With the further development of technology, cloud services that improve the use efficiency of hardware resources and reduce production, operation and maintenance costs by virtualization / containerization of traditional hardware are adopted by more and more enterprises. In order to better adapt to the technical system of cloud services, the database has also designed relevant cloud features, such as storage and computing separation, elastic scaling, microservicing, cross domain data synchronization and so on.

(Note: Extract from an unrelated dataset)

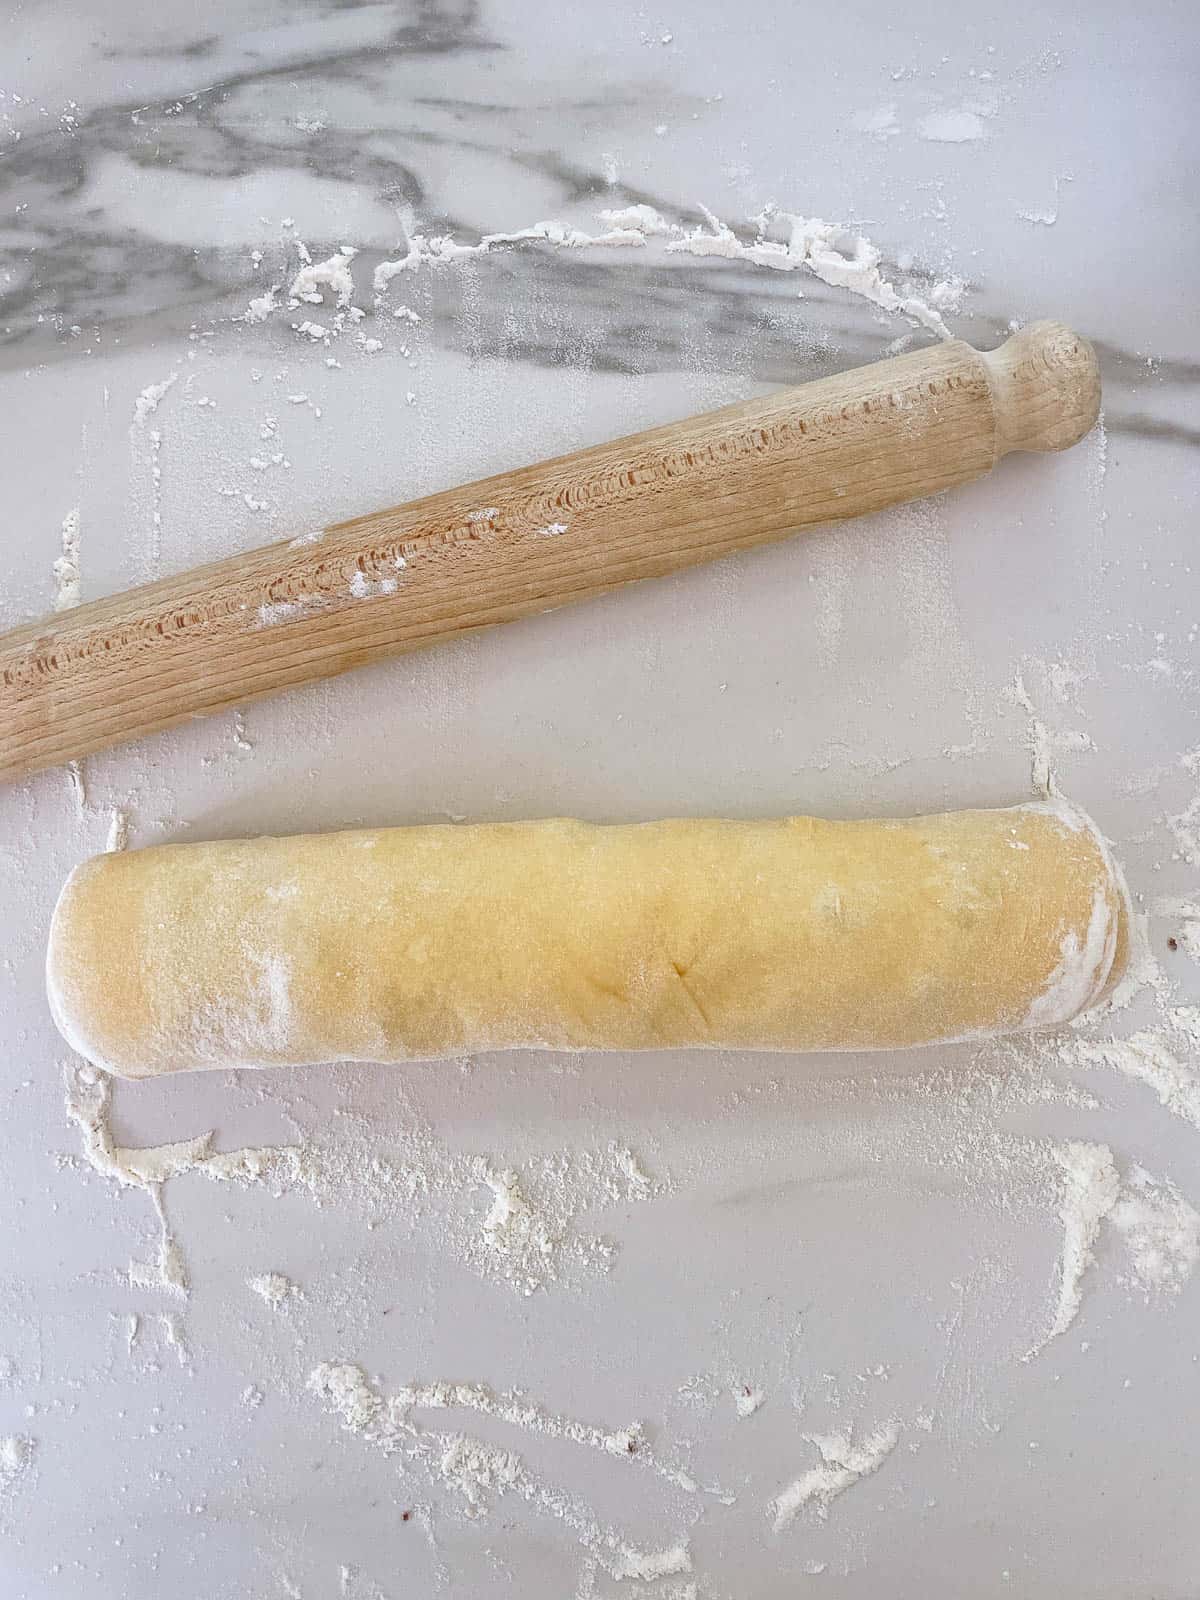 Cinnamon roll dough rolled into sausage shape with rolling pin alongside.
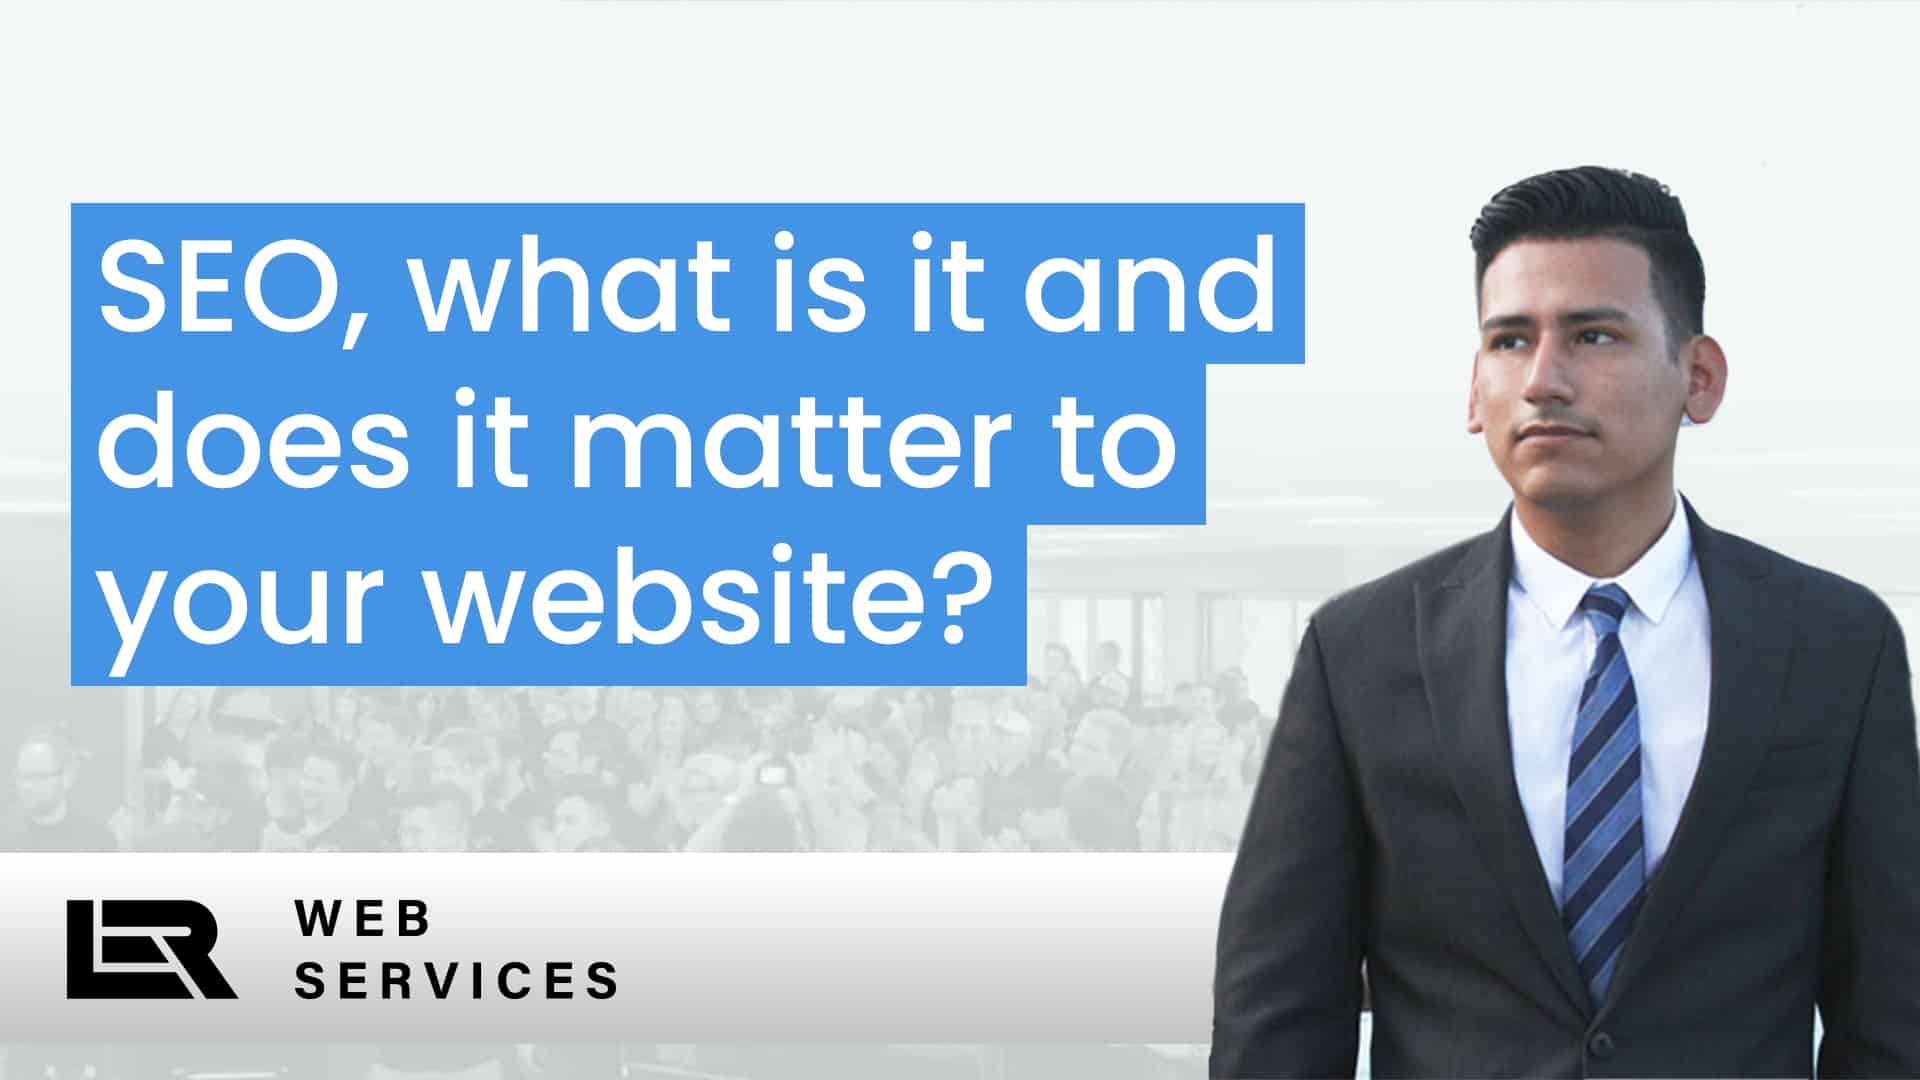 SEO, what is it and does it matter to your website?

In the cloud era, users pay more attention to the efficiency and input-output ratio of data analysis, and whether products can provide convenient integrated data processing services, so that business developers can focus more on the business itself, and database services are evolving towards standardized cloud services.

d. Prospect

Different database architectures and deployment methods are not a simple relationship of iteration and substitution, but a process of simultaneous and gradual iteration for a long time. Today, many financial institutions still choose to use database products on the host, but the new business and scenarios are very limited. Data processing products based on X86 server are still the mainstream choice of enterprise database. At the same time, the market share of cloud database is also gradually growing and expanding. What kind of database products should be adopted should be determined according to their own business needs, and the appropriate is the best. Of course, from the perspective of technology evolution, cloud technology (including public cloud and private cloud) will be the general trend, because cloud can provide higher efficiency.

As one of the three basic technologies (chips and operating systems) of the information industry, database has been very hot in terms of capital and technology for a long time. In recent years, there have been a considerable number of excellent database products and enterprises in China. In the process of mankind moving towards digital civilization, more and more data will be generated, and more value needs to be mined from the data. As the core of carrying data, database will continue to play an important role. Fortunately, I have been working in this field and look forward to working with my colleagues to contribute to the progress of human digital technology.

With the vision of redefining data science, zilliz is committed to building a world leading open source technology innovation company, and unlocking the hidden value of unstructured data for enterprises through open source and cloud native solutions.
Zilliz built the Milvus vector database to accelerate the development of the next generation data platform.
Milvus database is a graduation project of LF AI & data foundation. It can manage a large number of unstructured data sets and is widely used in new drug discovery, recommendation system, chat robot and so on.